Real Case of Premature Micro-Optimization

Rate me:
Please Sign up or sign in to vote.
4.33/5 (3 votes)
31 Jan 2020CPOL2 min read 8.8K   19   1   3
Ternary Operator vs Lookup Table Benchmark

The benchmark is hosted at Github.

I discovered a real case of premature micro-optimization when you don't measure it. You know it is pretty bad when you read premature and micro in the same sentence. On page 44 of Optimizing C++ ebook by Agner Fog, it is written ...

In some cases it is possible to replace a poorly predictable branch by a table lookup. For example:

C++
float a;
bool b;
a = b ? 1.5f : 2.6f;

The ?: operator here is a branch.
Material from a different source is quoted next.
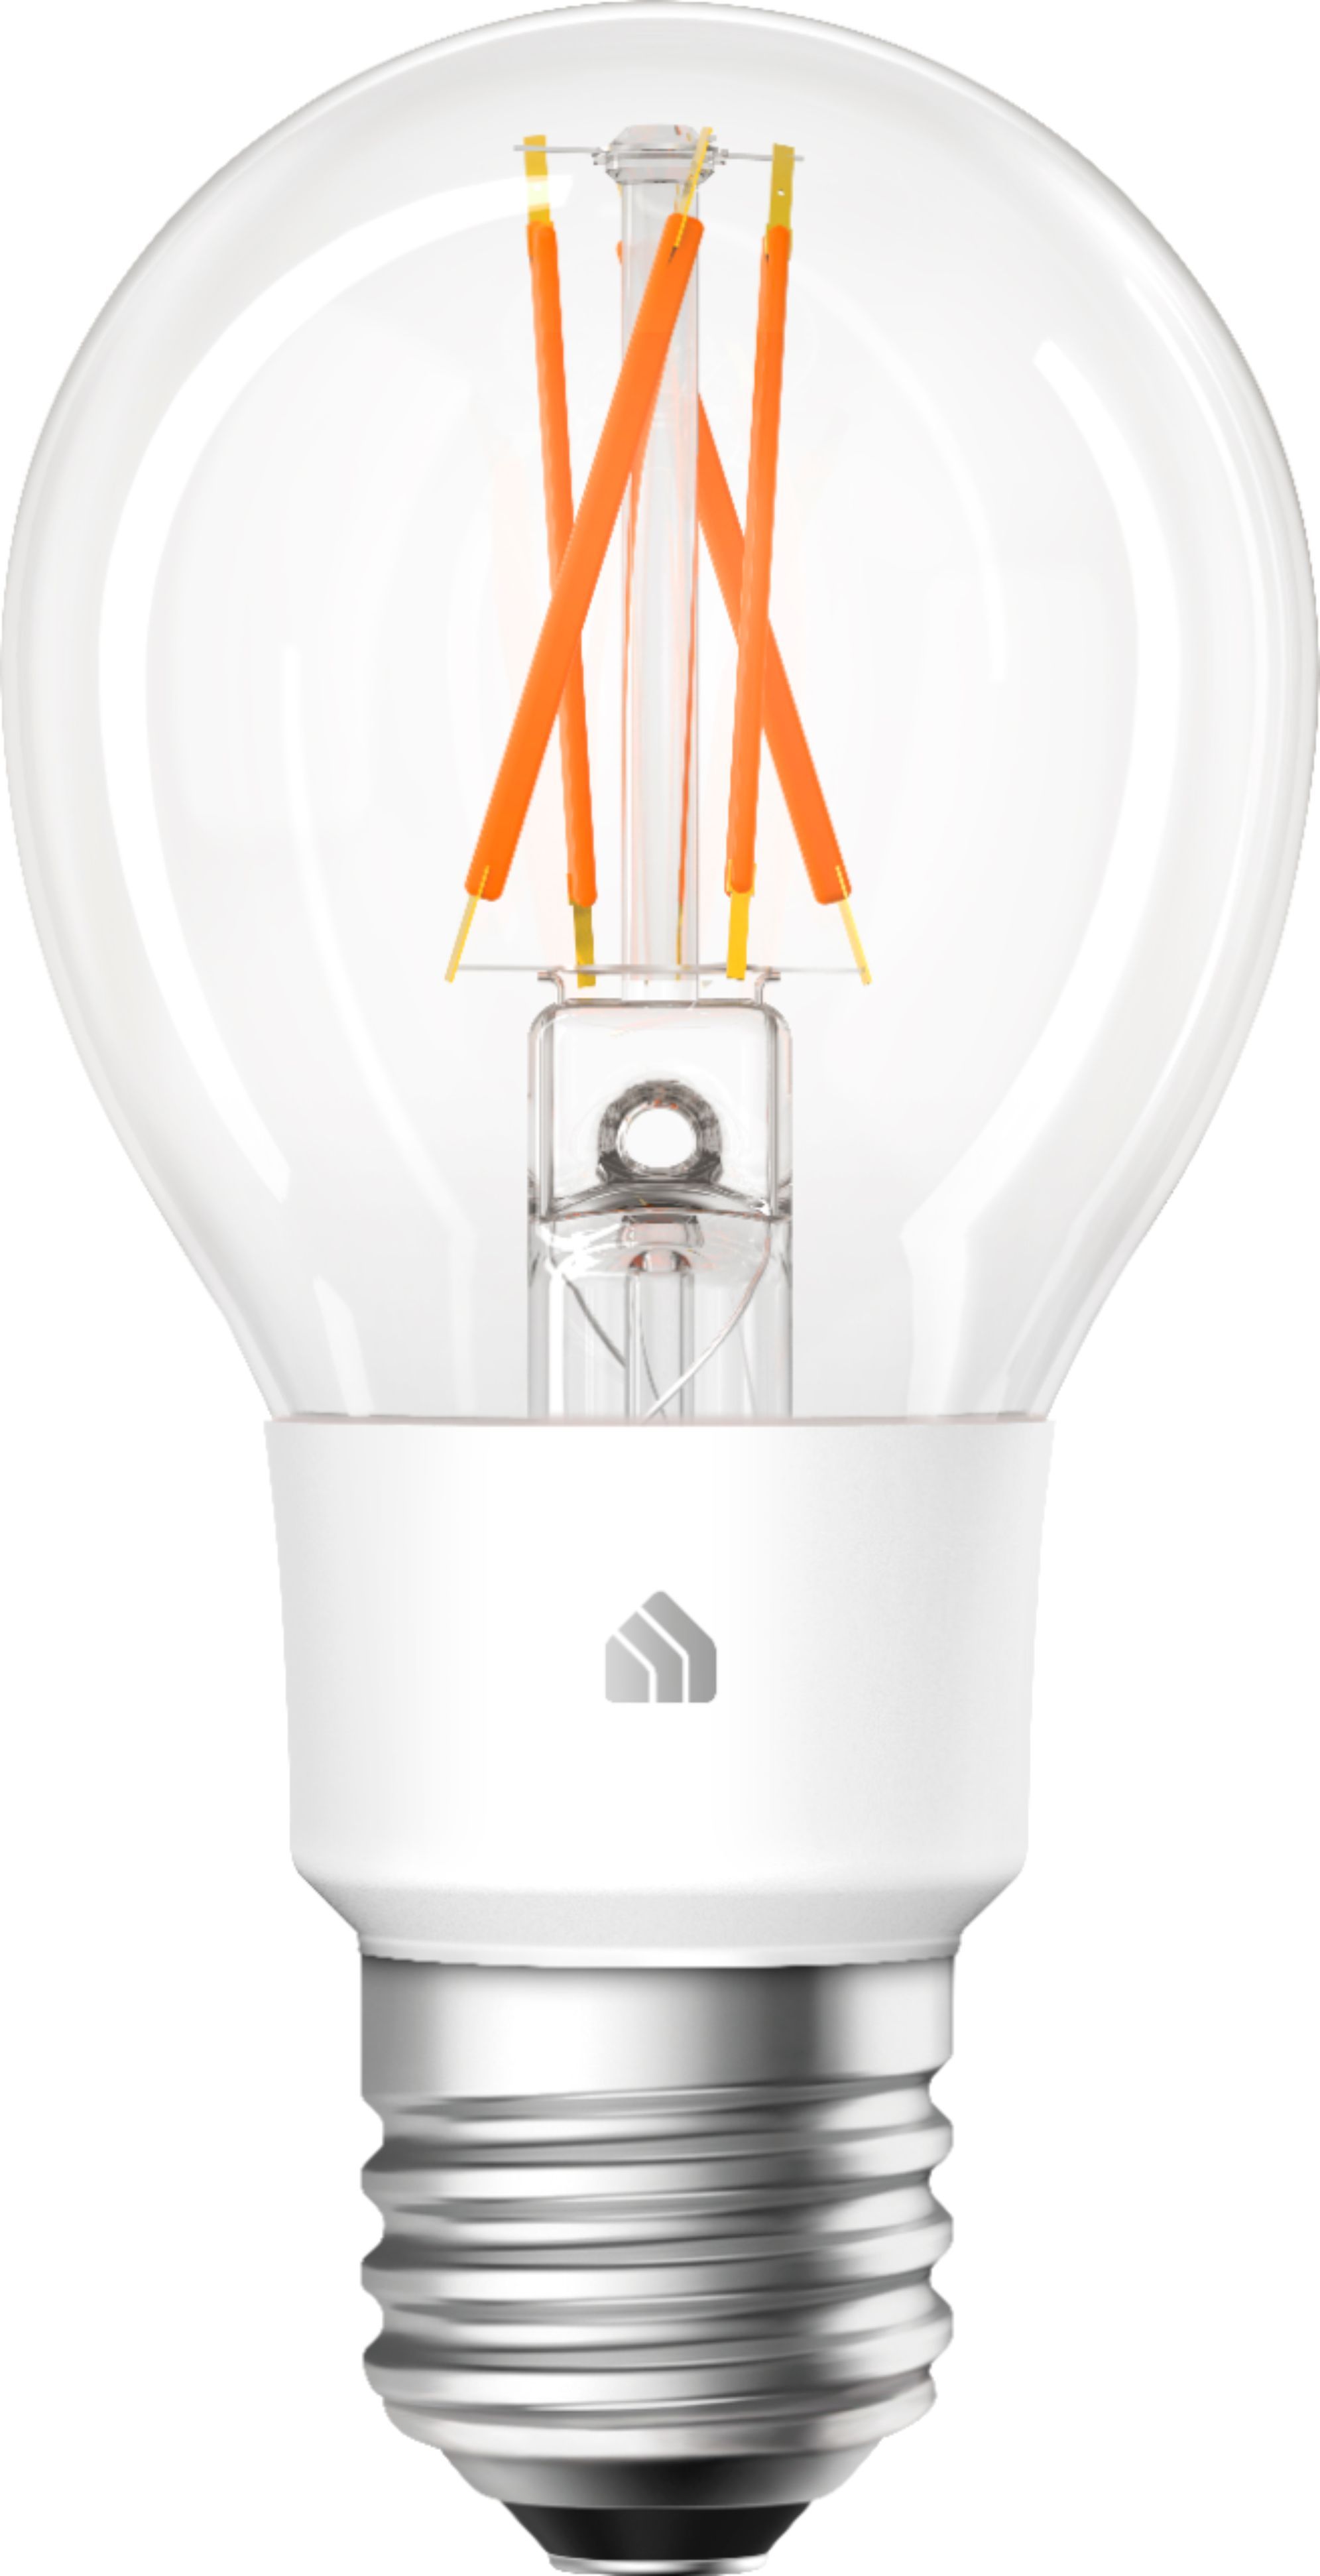 Kasa Smart Wi-Fi LED Bulb 3

If it is poorly predictable then replace it by a table lookup:

C++
float a;
bool b = 0;
const float lookup[2] = {2.6f, 1.5f};
a = lookup[b];

If a bool is used as an array index then it is important to make sure it is initialized or comes from a reliable source so that it can have no other values than 0 or 1. In some cases the compiler can automatically replace a branch by a conditional move.

I was trying to implement this lookup table optimization (to replace ternary operator) on a floating-point value which the code is compiled with G++ and ran on Linux. I also ran the integer benchmark and on other compilers such like Visual C++ 2019 and Clang and also the Visual C# 7 to see their differences. Below is the C++ benchmark code. The lookup array is declared as a static local variable inside the function.

C++
int64_t IntTernaryOp(bool value)
{
    return value ? 3 : 4;
}

int64_t IntArrayOp(bool value)
{
    static const int64_t arr[2] = { 3, 4 };
    return arr[value];
}

double FloatTernaryOp(bool value)
{
    return value ? 3.0f : 4.0f;
}

double FloatArrayOp(bool value)
{
    static const double arr[2] = { 3.0f, 4.0f };
    return arr[value];
}

int main()
{
    const size_t MAX_LOOP = 1000000000;
    
    int64_t sum = 0;
    double sum_f = 0;

    timer stopwatch;

    stopwatch.start("IntTernaryOp");
    sum = 0;
    for (size_t k = 0; k < MAX_LOOP; ++k)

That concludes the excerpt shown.